You run an A/B test on a recommendation change. 1000 users in each group. Group A has mean engagement 4.2 min, stddev 2.1. Group B has 4.5 min, stddev 2.0. Did the change help, or is this noise?

from scipy import stats
import numpy as np

# Simulated data
a = np.random.normal(4.2, 2.1, size=1000)
b = np.random.normal(4.5, 2.0, size=1000)

t_stat, p_value = stats.ttest_ind(a, b)
print(f"t = {t_stat:.3f}, p = {p_value:.4f}")
# t = -3.12, p = 0.0018 — highly significant difference

With 1000 in each group, a 0.3 minute difference is detectable. With only 50, it wouldn't be.

5. Type I and Type II errors

	$H_0$ is true (no effect)	$H_0$ is false (real effect)
Reject $H_0$	Type I error (false positive)	Correct ✓
Fail to reject	Correct ✓	Type II error (false negative)

$\alpha$ = significance level = P(Type I error). You pick this; 0.05 is traditional.
$\beta$ = P(Type II error). Depends on effect size, sample size, and variance.
Power = $1 - \beta$ = P(detect a real effect when there is one). You want high power — at least 0.8 — which requires enough sample size.

6. Multiple comparisons — the silent killer

If you test 20 independent hypotheses at $\alpha = 0.05$, you'd expect 1 false positive on average, even if nothing is real. Running 20 A/B tests and celebrating the one with $p < 0.05$ is how garbage products get shipped.

Corrections:

Bonferroni: divide $\alpha$ by the number of tests. Simple, conservative.
Benjamini-Hochberg (FDR): controls the false discovery rate. Better for large-scale testing (e.g., feature selection).

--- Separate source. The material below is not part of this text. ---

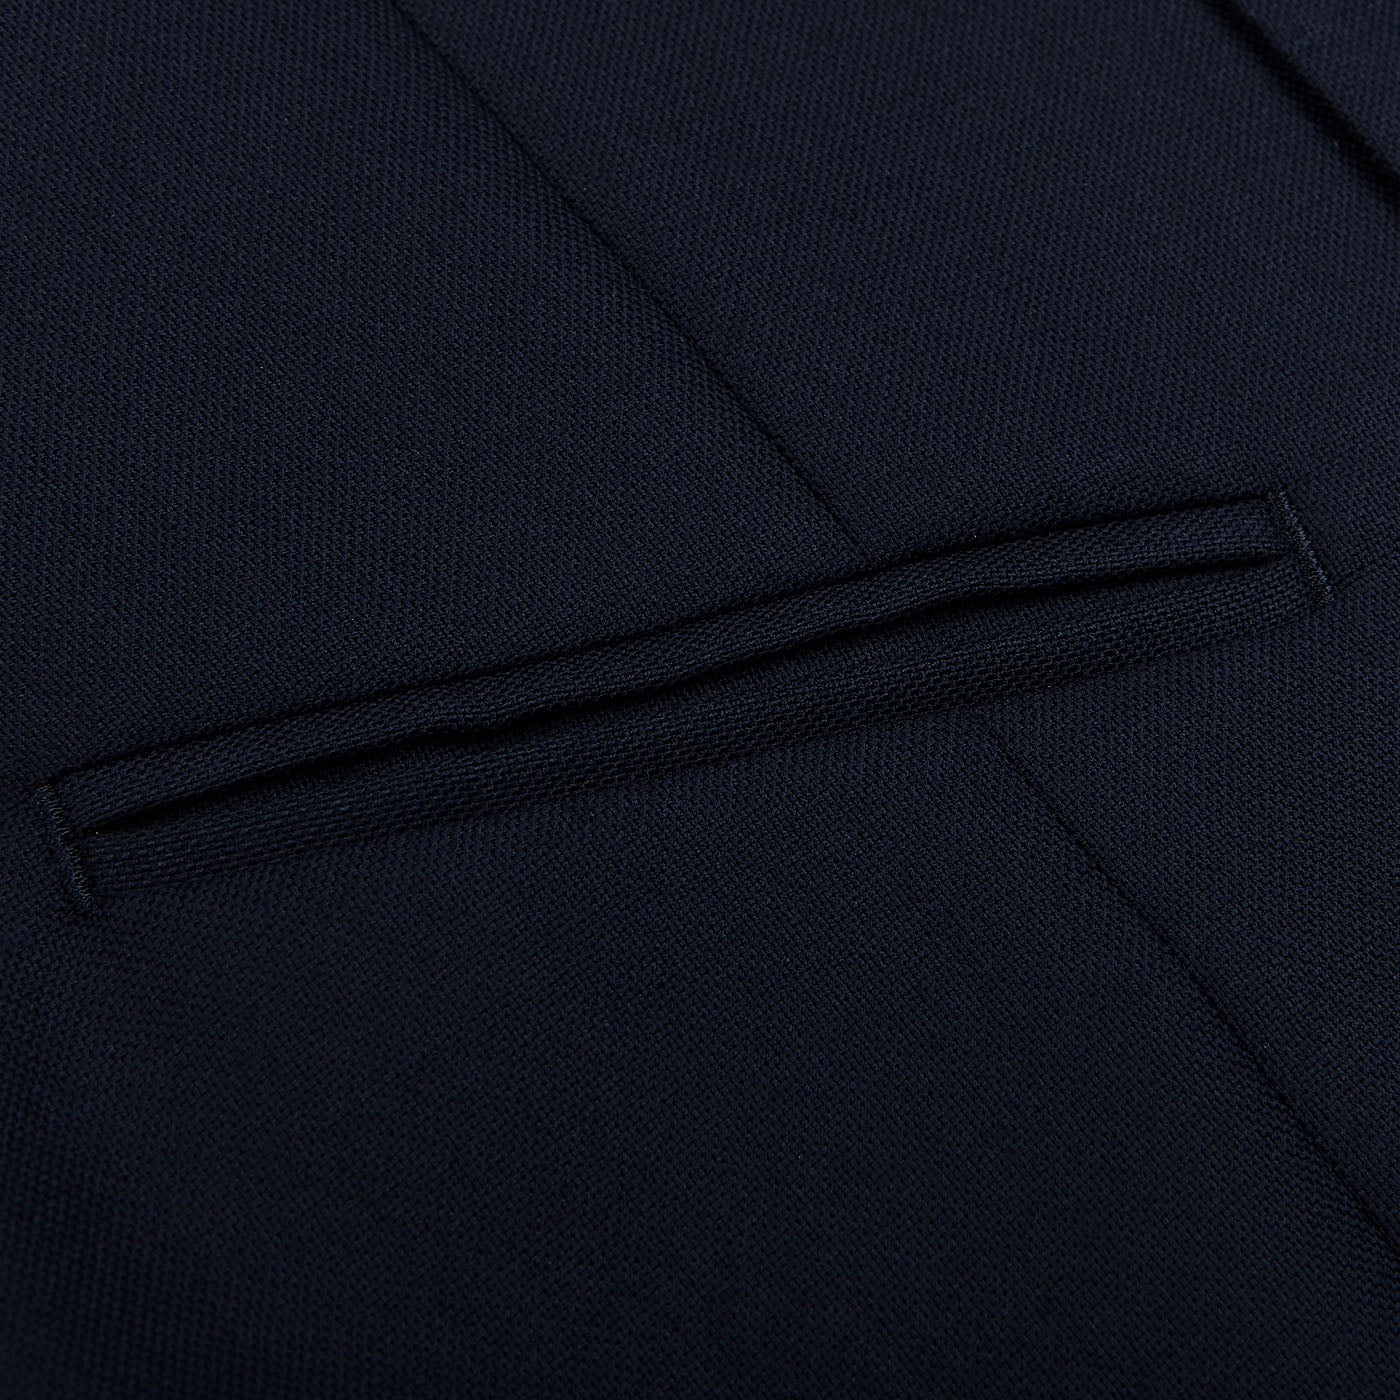 Baltzar Sartorial Navy Super 100s Wool DB Waistcoat Pocket
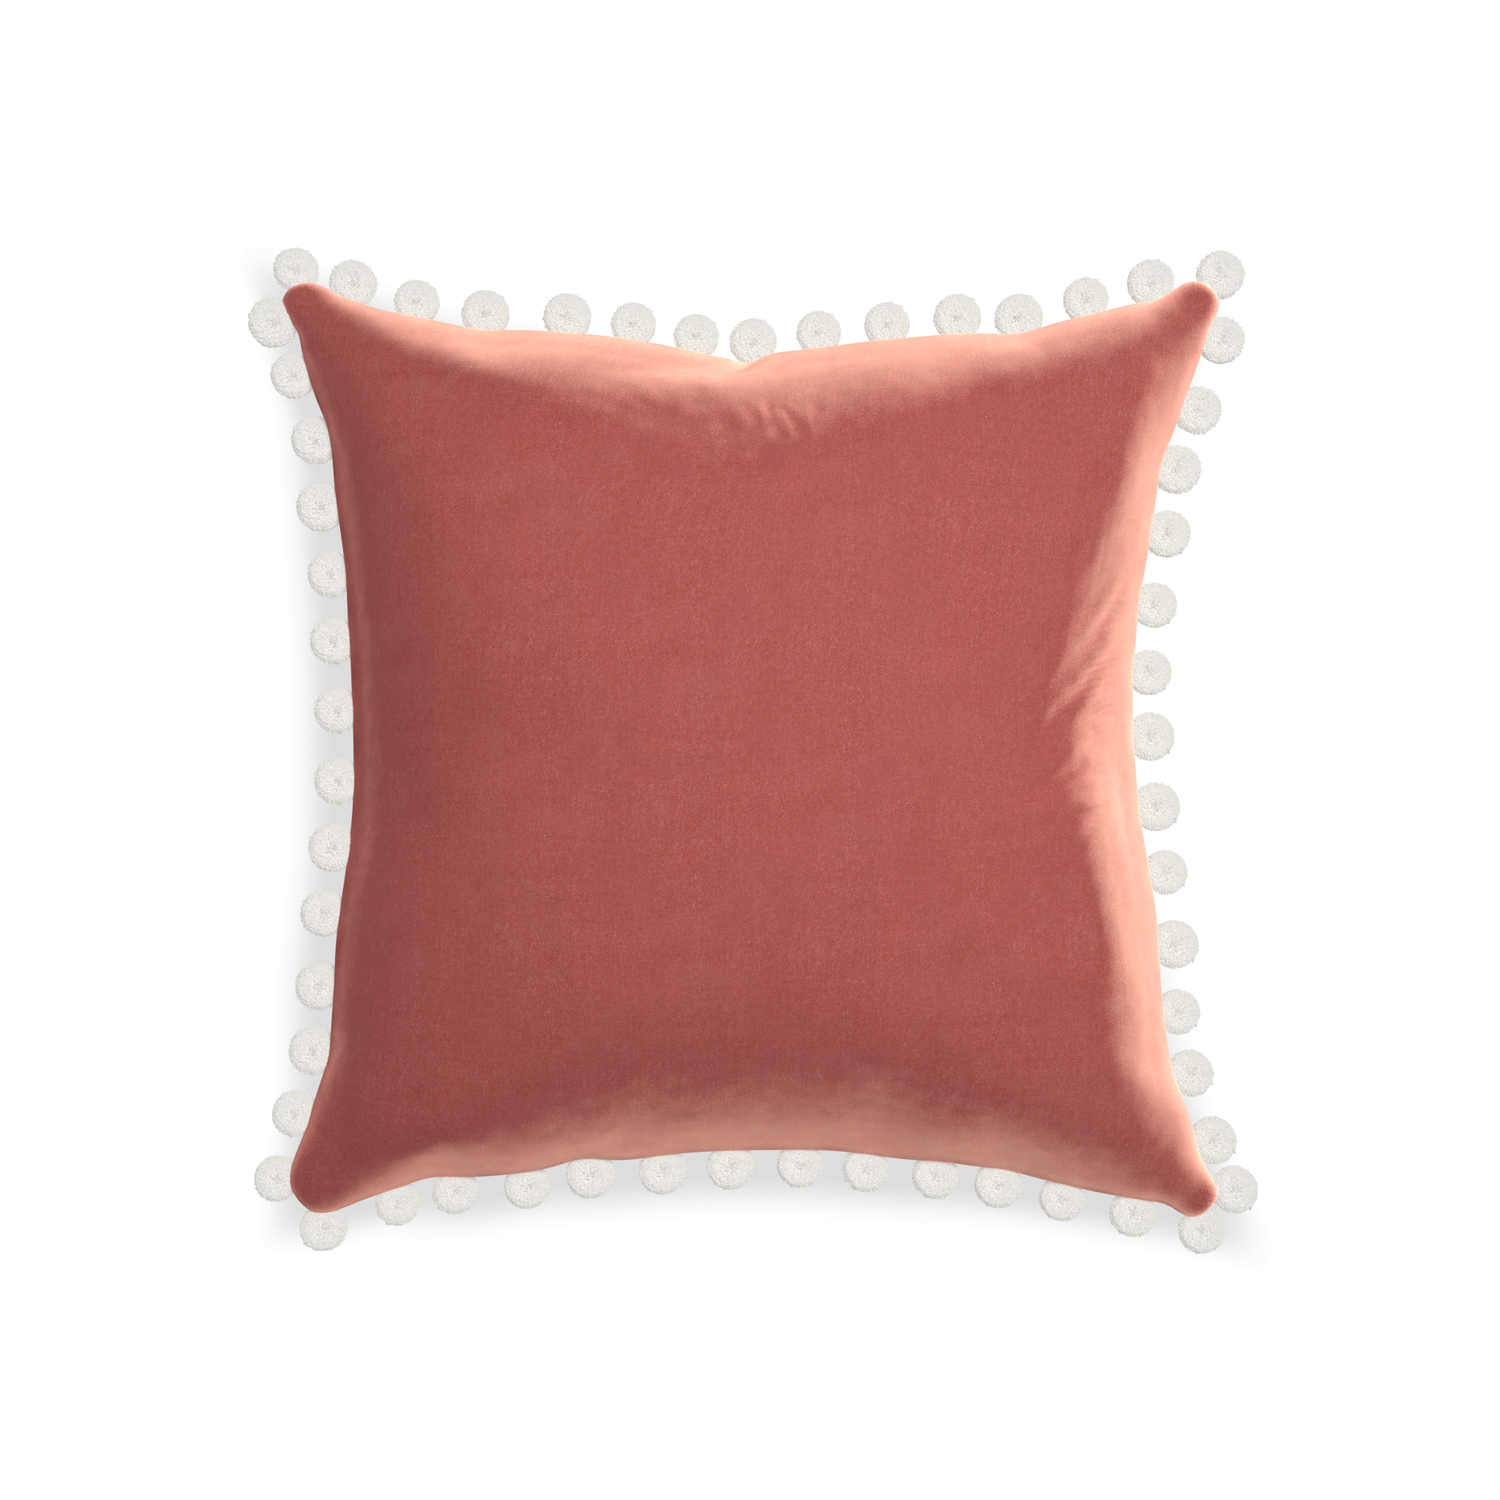 square coral velvet pillow with white pom poms

7. When to be Bayesian vs. frequentist in ML

Pragmatically:

Most production ML is frequentist-flavored. Point estimates, confidence intervals, MLE training.
Use Bayesian thinking when: you have strong priors (small data, domain knowledge), you need calibrated uncertainty (medical, finance), or you're doing hyperparameter tuning (Bayesian optimization).
Tools: scipy.stats for classical testing, statsmodels for regression inference, pymc or numpyro for full Bayesian modeling.

8. Self-check

In Bayes' theorem, what do the prior, likelihood, and posterior represent?
A test has $p = 0.03$. What does this tell you? (Careful — this is the question people get wrong.)
When is a Type II error a big deal vs. a Type I error a big deal? (Hint: depends on the domain.)
Why does Bonferroni correction make tests more conservative?